4) O Propósito do Arrebatamento
Porque eles mesmos anunciam de nós qual a entrada que tivemos para convosco, e como dos ídolos vos convertestes a Deus, para servir o Deus vivo e verdadeiro, E esperar dos céus a seu Filho, a quem ressuscitou dentre os mortos, a saber, Jesus, que nos livra da ira futura. (1 Tes. 1.9-10)

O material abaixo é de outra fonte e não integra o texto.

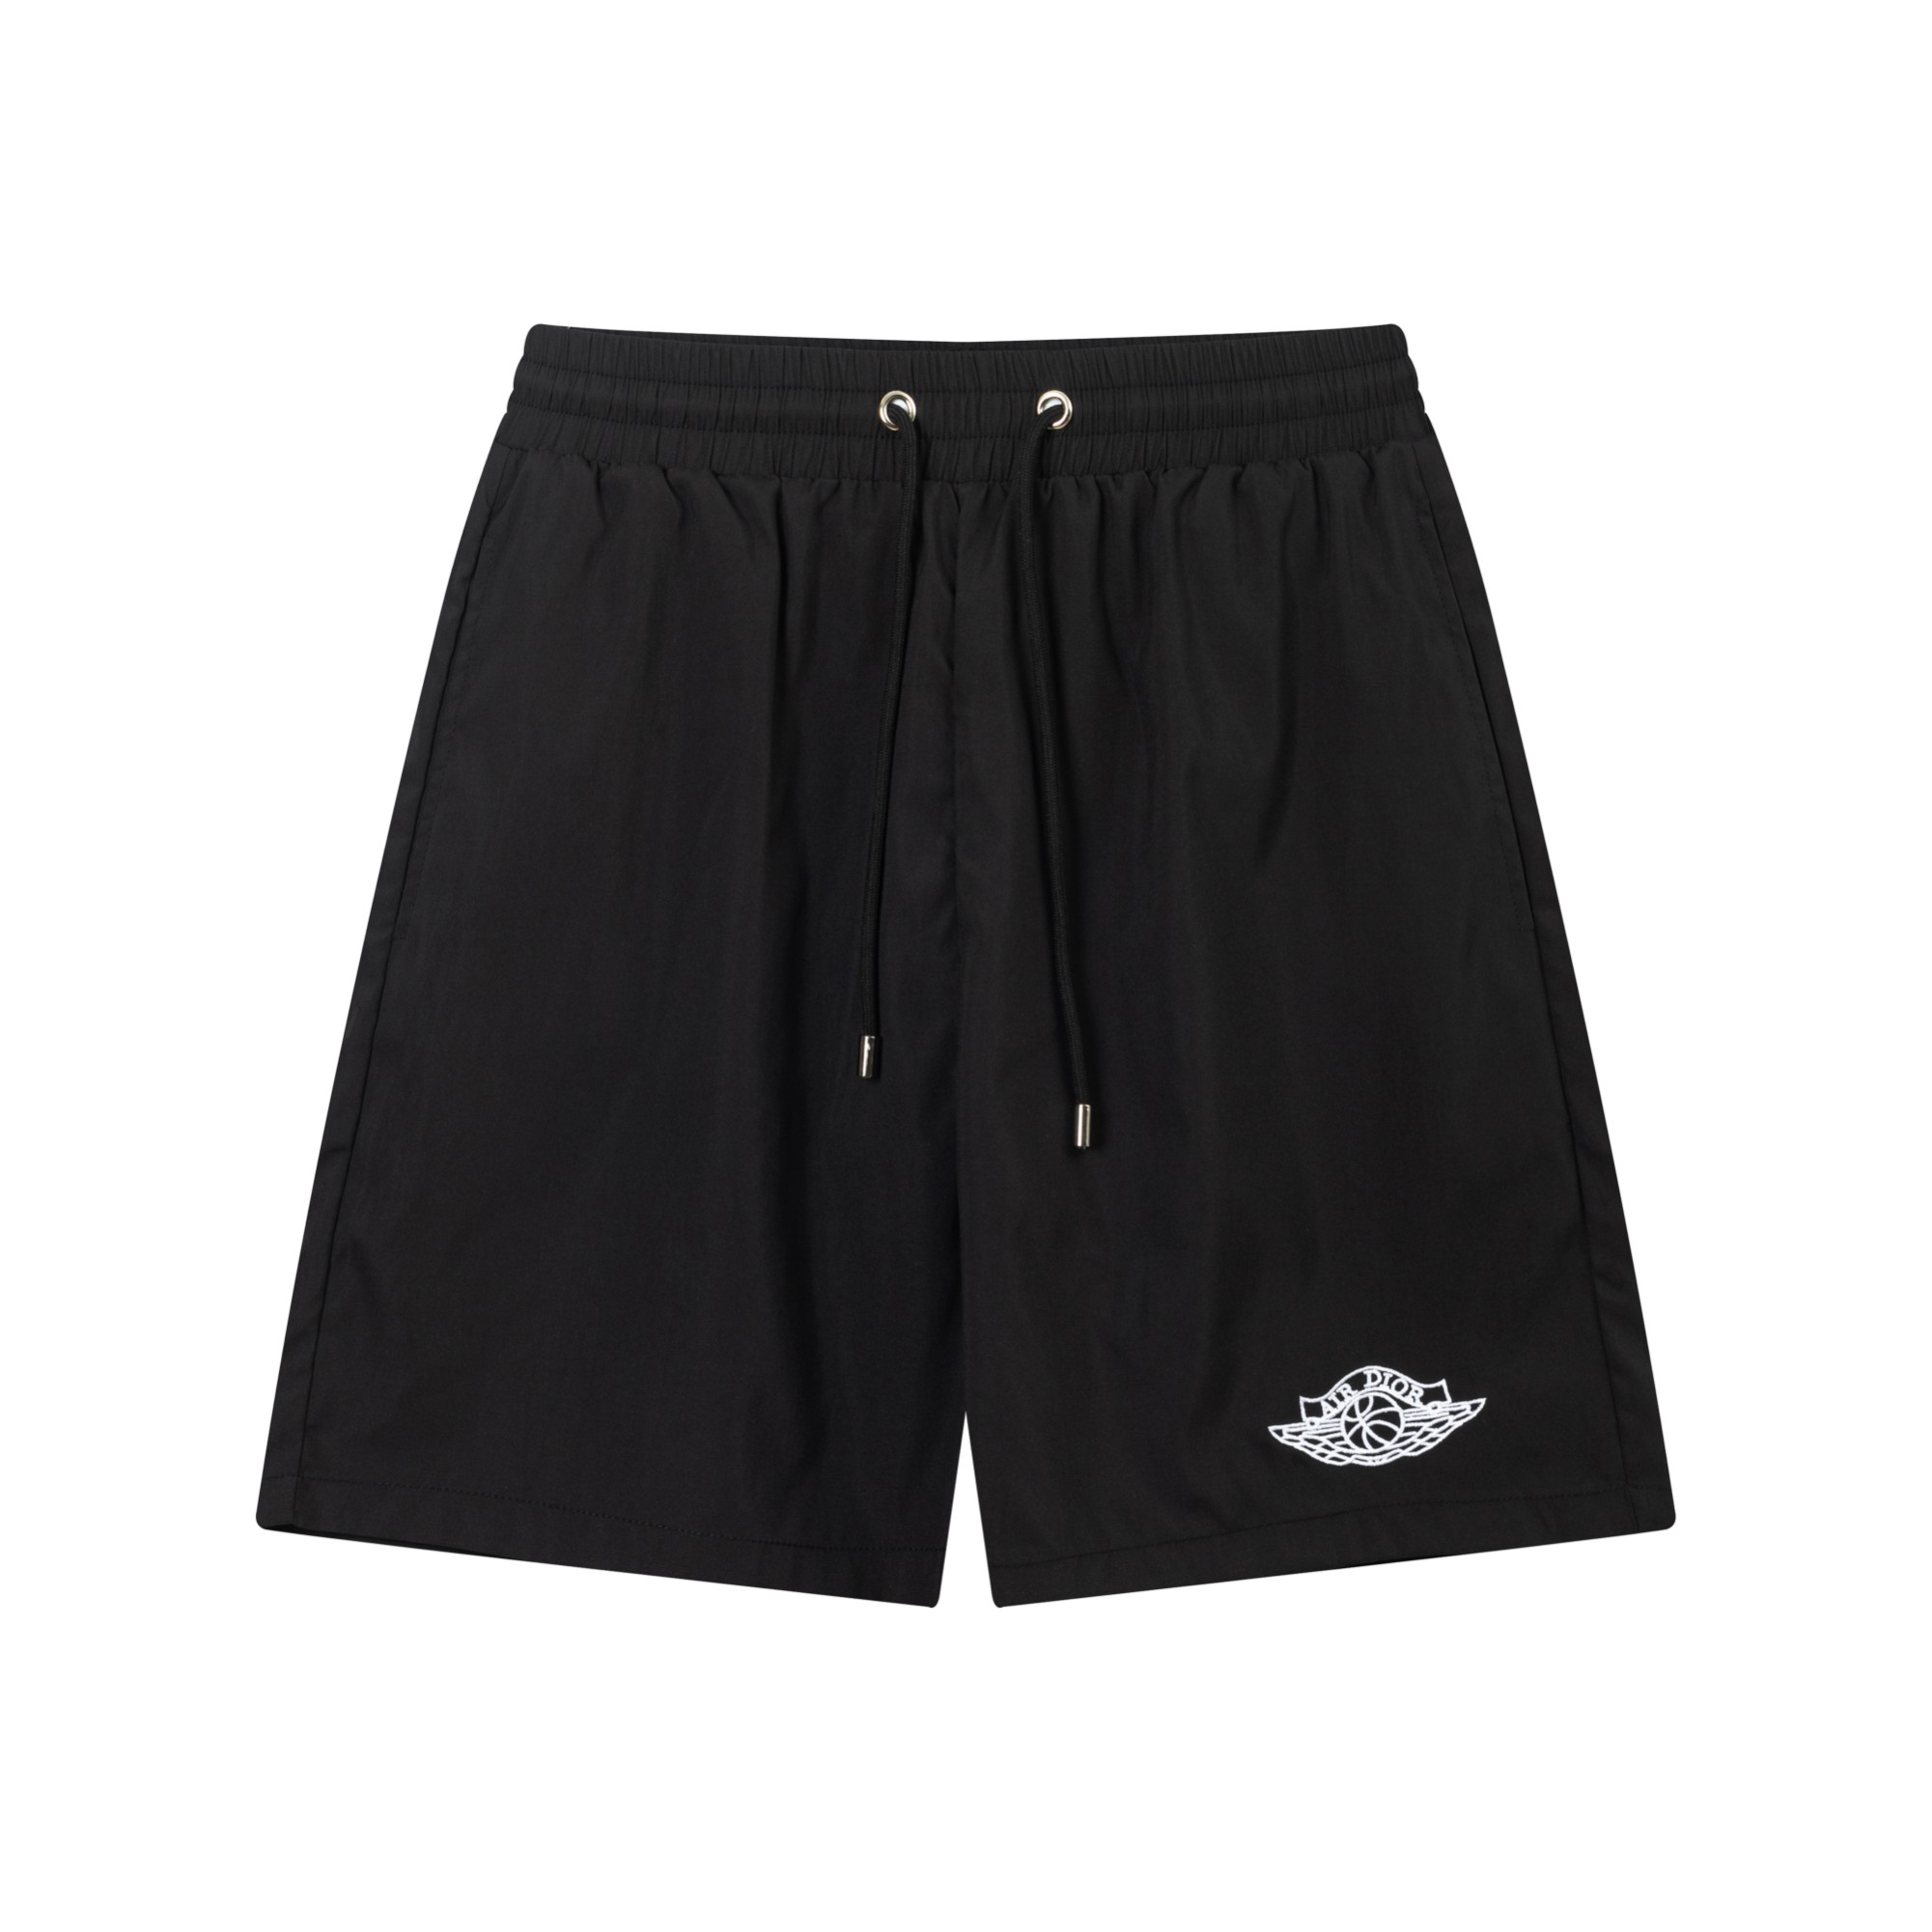 Dior Clothing Shorts Black Polyester Spring/Summer Collection Beach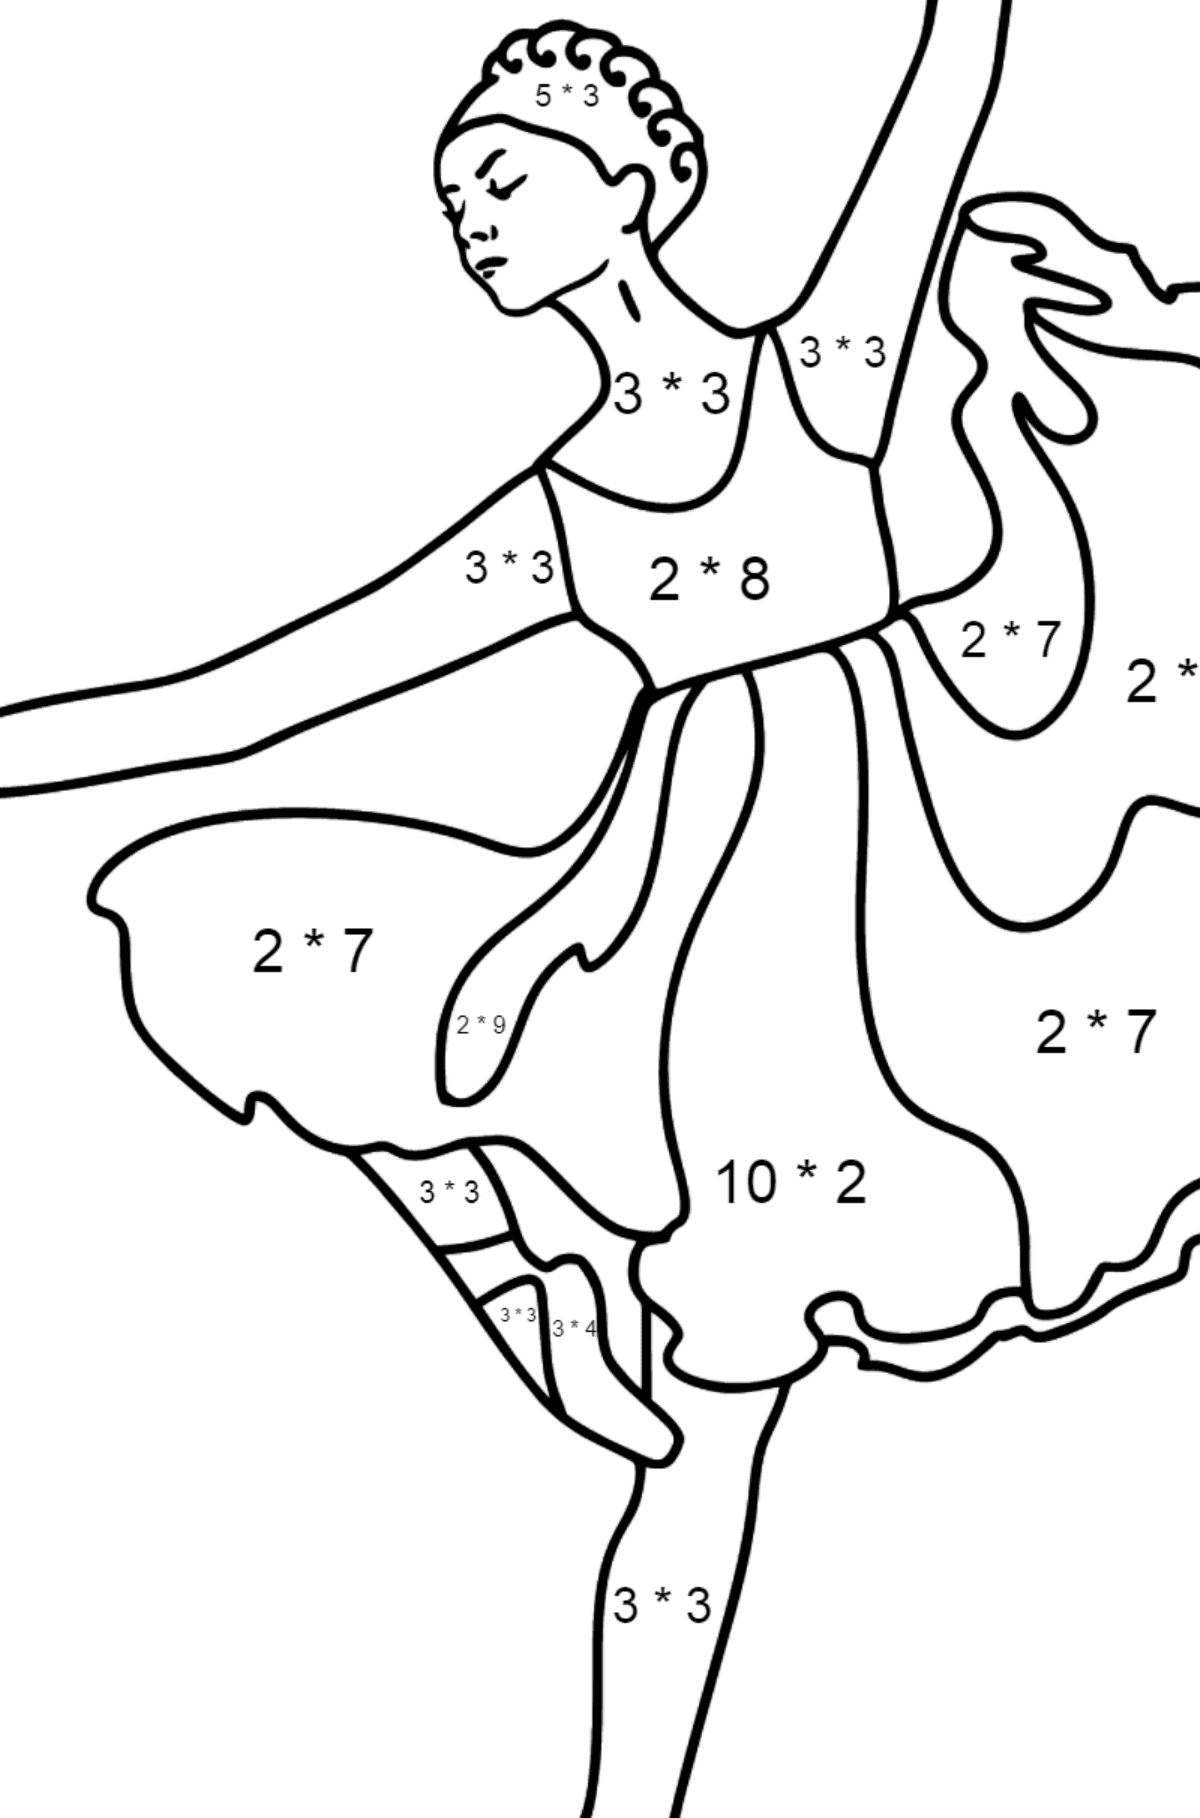 Ballerina in Lilac Dress coloring page - Math Coloring - Multiplication for Kids

A palavra grega da qual a passagem acima foi traduzida é “apo”. Literalmente, ela significa manter o sujeito (nós) afastado do tempo, do local, ou de qualquer relação com o evento em referência, neste caso a ira futura. Este verso é um dos muitos que explicam o propósito do Arrebatamento da Igreja, que é para estar escondida em segurança, fora do caminho, antes que Deus visite a Sua ira sobre a terra. Certo, mas quando a ira de Deus virá?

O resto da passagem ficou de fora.